As is known, Mg is effective in improving the strength of alloys, and if the content is less than 2%, it cannot impart enough strength to be suitable for use as a structural material. But 7
If the content exceeds %, the stress corrosion cracking resistance and workability will deteriorate significantly and it cannot be used as a practical alloy. The most suitable content is approximately 2.5 to 5.5%.

The type of rare earth element is not particularly limited. Specifically, for example, Y, La5CesP r s N
d SS m etc. are used as suitable materials.

Elements belonging to the rare earth group have the effect of contributing to improvement of cold workability by improving workability, particularly by reducing work hardening rate. In view of this effect, all of the rare earth elements can be evaluated as substantially equivalent to each other in the present invention. Therefore, one or more of them can be used in any combination, but if the total content of these in the alloy is less than 0.005%, the workability will be improved and the cold work hardening rate will be reduced. On the other hand, it is insufficient for 1.0
If the content exceeds %, the above effects cannot be obtained. The most suitable content range for rare earth elements is approximately 0.05 to 0.05 when considering cost. It is about 5%.

Cu, which is an optional component, also contributes to improving the strength, and if it is contained less than 0.05%, it has no effect.
If it exceeds 2%, the corrosion resistance and weldability of the alloy will deteriorate. The most suitable Cu content is approximately 0.2 to 1.0%.

Unavoidable impurity components include Sl, Fe, Mn, C'',
Zr5T1, etc. are included, but the inclusion of these impurity components is permitted within a range that does not adversely affect the alloy of the present invention. In particular, the contents of Mn: 1.5% or less, Cr: 0.3% or less, and Zr: 0.25% or less, which are useful for refining crystal grains, are treated as impurities in the present invention.

Effects of the Invention As mentioned above, the present invention is based on the AΩ-Mg alloy having high strength and excellent corrosion resistance.
By adding and containing rare earth elements in the range of os to 1.0, it is possible to improve workability, particularly by suppressing work hardening during cold working. Therefore, it is not only possible to increase the degree of cold working compared to conventional structural AQ-Mg alloys, but also to manufacture products with more complex shapes in cold forging.

EXAMPLES Alloys having various compositions shown in Table 1 were cast into water-cooled molds with a diameter of 75 ml, and then homogenized at 500'C for 8 hours.
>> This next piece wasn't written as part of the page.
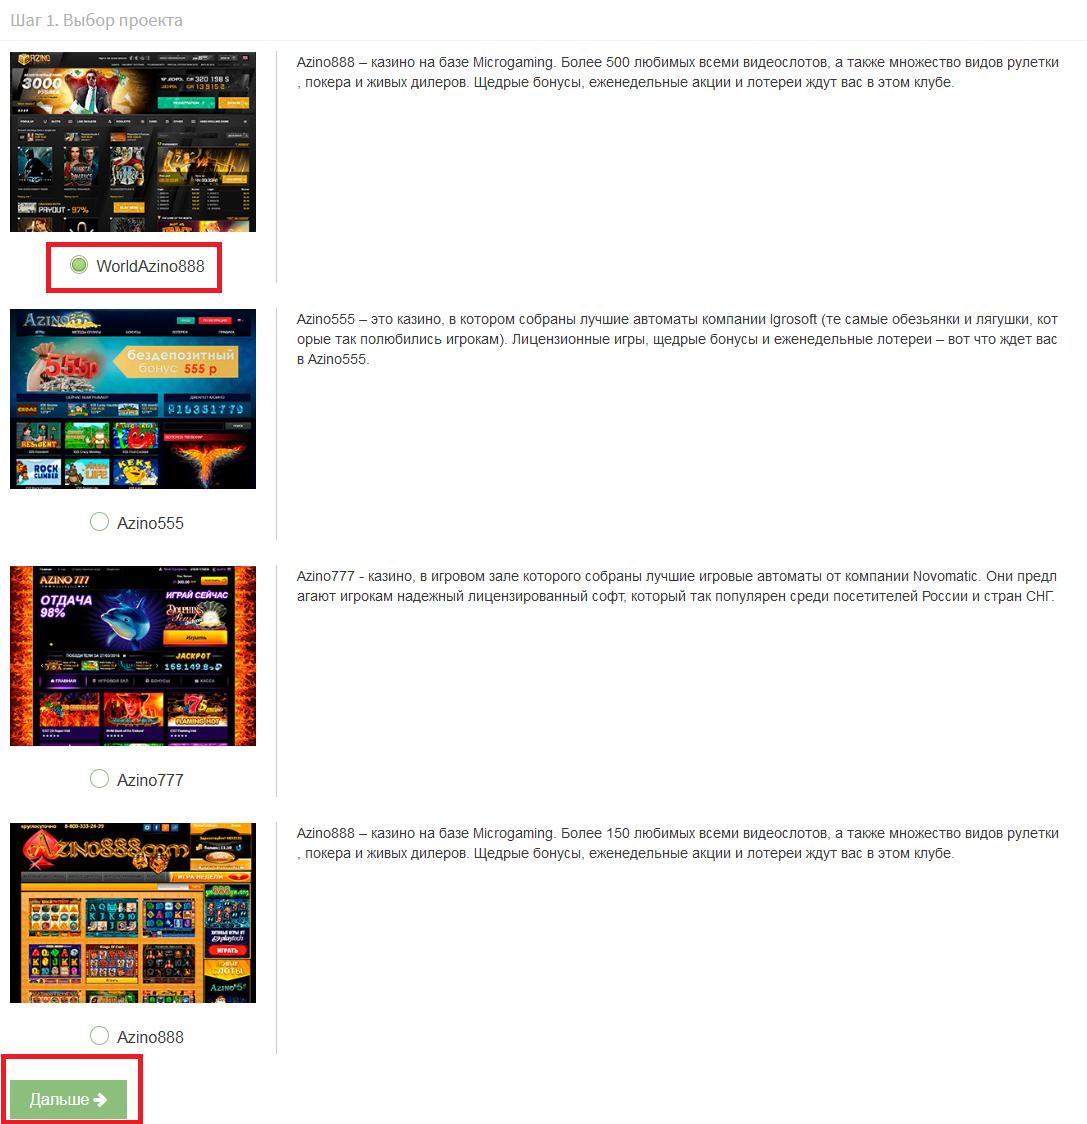 azino888 www бонус за регистрацию онлайн казино

Then further heat at 450'C to a thickness of 5ml
The sample was extruded into a rectangular rod shape with a width of 30 mm.
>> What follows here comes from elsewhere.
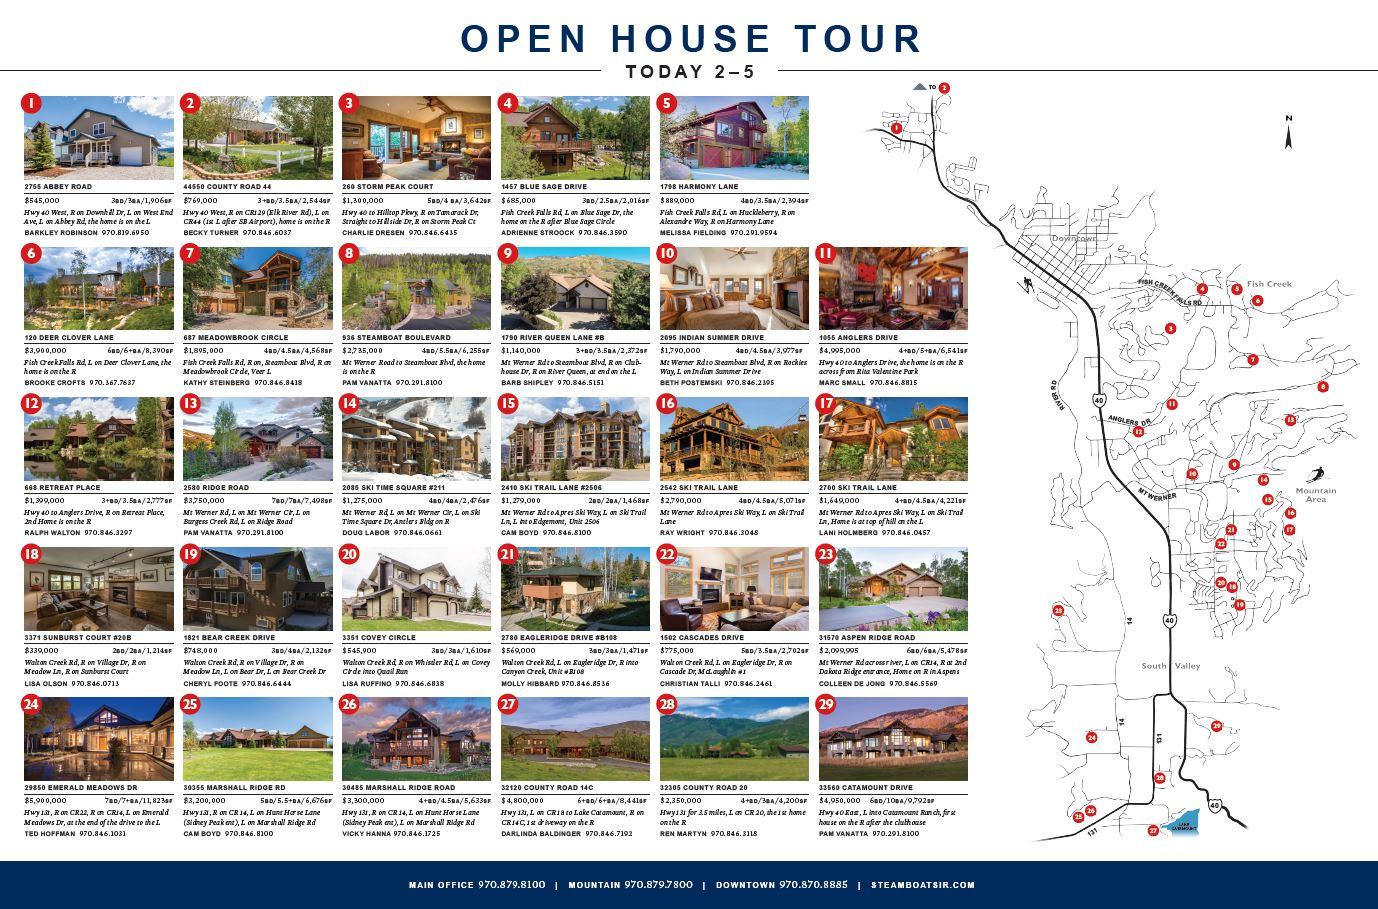 JULY 1 OPEN HOUSE TOUR

The comparative example alloy is A3052 alloy (comparison No. 7)
and A3083 alloy (comparison No. 8) were used.

After annealing each of the above samples at 400'C, cold rolling was performed until cracks appeared in the samples.
By measuring the hardness and cold working degree at that time,
Cold workability was evaluated. The results are shown in Table 2.
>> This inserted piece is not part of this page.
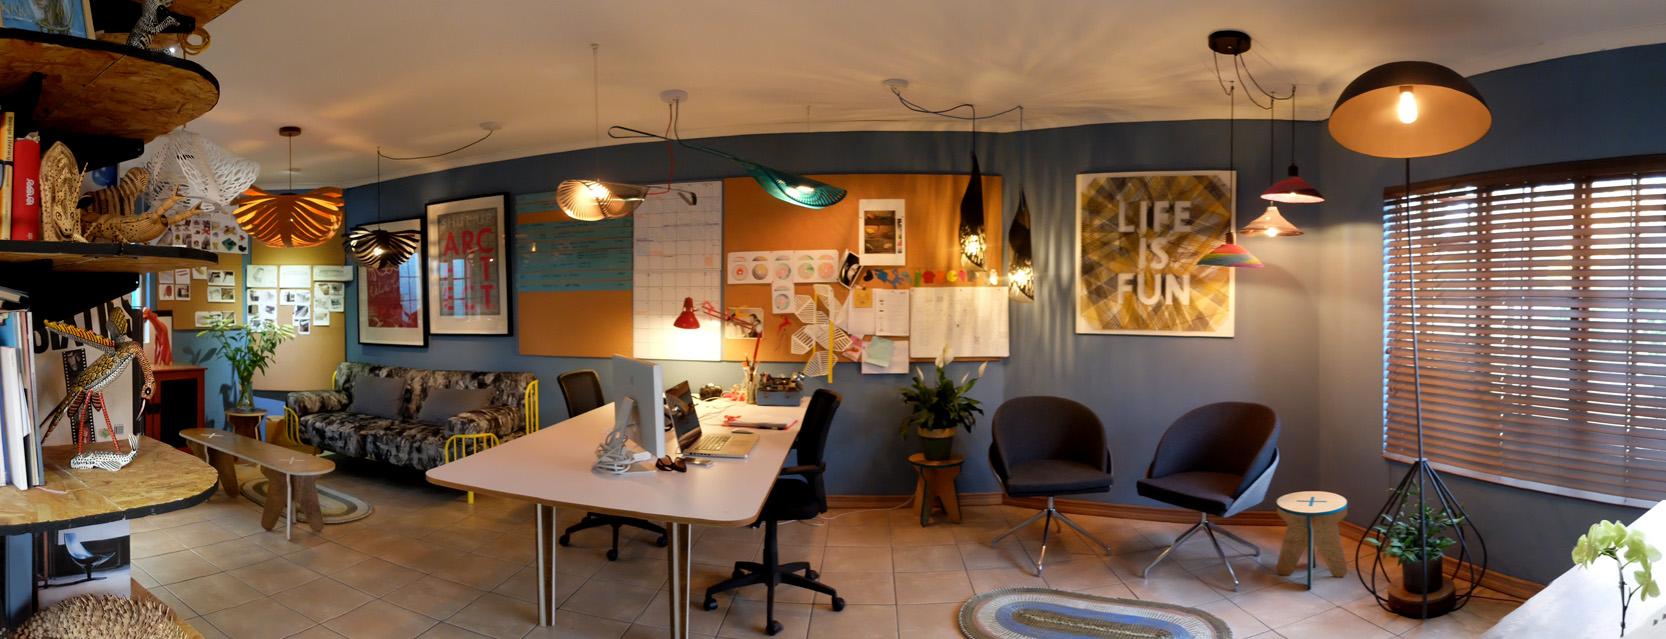 the MOS studio.jpg

[Hereinafter referred to as white thread] As shown in the above results in Table 2, the alloy of the present invention exhibits a smaller increase in hardness due to cold working than the typical conventional AΩ-Mg alloy, and improves workability. I was able to confirm that it was Shiuruchino.

that's all

Claims (1)

[Claims] Contains Mg: 2 to 7%, one or more rare earth elements: 0.005 to 2.0%, and if necessary, Cu: 0.05 to 2.0. %, a structural aluminum alloy with excellent cold workability, consisting of the balance aluminum and unavoidable impurities.